Arguments of policy which argue what ought to be done, make their appeal in the main to the moral, practical, or aesthetic interests of the audience. These interests have their ultimate roots in the deep-seated mass of inherited temperamental motives and forces which may be summed up here in the conveniently vague term "feeling." These motives and forces, it will be noticed, lie outside the field of reason, and are in the main recalcitrant to it. When you argue that it is "right" that rich men should endow the schools and colleges of this country, you would find it impossible to explain in detail just what you mean by "right"; your belief rises from feelings, partly inherited, partly drawn in with the air of the country, which make you positive of your assertion even when you can least give reasons for it. So our practical interests turn in the end on what we want and do not want, and are therefore molded by our temperament and tastes, which are obviously matters of feeling. Our aesthetic interests, who include our preferences in all the fields of art and literature and things beautiful or ugly in daily life, even more obviously go back to feeling. Now in practical life our will to do anything is latent until some part of this great body of feeling is stirred; therefore arguments of policy, which aim to show that something ought to be done, cannot neglect feeling.
An important practical difference between arguments of fact and arguments of policy lies in the different form and degree of certitude to which they lead. At the end of arguments of fact it is possible to say, if enough evidence can be had, "This is undeniably true." In these arguments we can use the word "proof" in its strict sense. In arguments of policy on the other hand, where the question is worth arguing, we know in many cases that in the end there will be men who are as wise and as upright as ourselves who will continue to disagree. In such cases it is obvious that we can use the word "proof" only loosely; and we speak of right or of expediency rather than of truth. This distinction is worth bearing in mind, for it leads to soberness and a seemly modesty in controversy. It is only in barber-shop politics and sophomore debating clubs that a decision of a question of policy takes its place among the eternal verities.
In arguments of fact, it will be noticed; there is little or no element of persuasion, for we deal with such matters almost wholly through our understanding and reason.

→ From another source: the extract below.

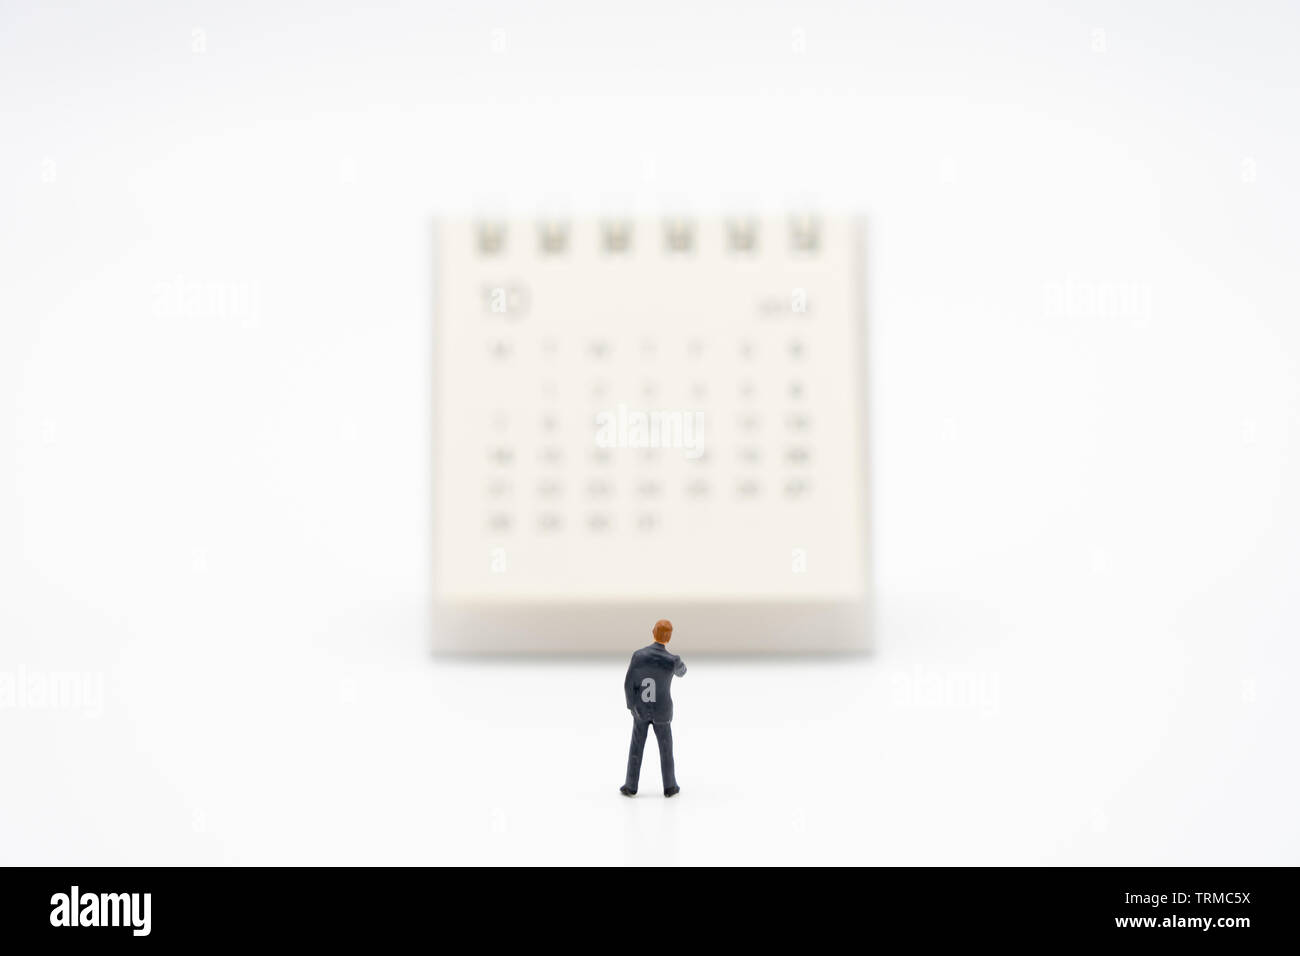 Miniatur Menschen Unternehmer stehen auf weißen Kalender als Hintergrund Business Konzept und Finanzierung Konzept mit Kopie Platz für Ihren Text oder de Stockfoto

Huxley, in his argument on evolution, which was addressed to a popular audience, was careful to choose examples that would be familiar; but his treatment of the subject was strictly expository in tone. In some arguments of this sort, which touch on the great forces of the universe and on the nature of the world of life of which we are an infinitesimal part, the tone of the discourse will take on warmth and eloquence…..
The chief danger when you reason through the method of agreement is of jumping to a conclusion too soon, and before you have collected enough cases for a safe conclusion. This is to commit the fallacy known as hasty generalization. It is the error committed by the dogmatic sort of globetrotter, who after six weeks spent in Swiss-managed hotels in Italy will supply you with a full set of opinions on the government, morals, and customs of the country.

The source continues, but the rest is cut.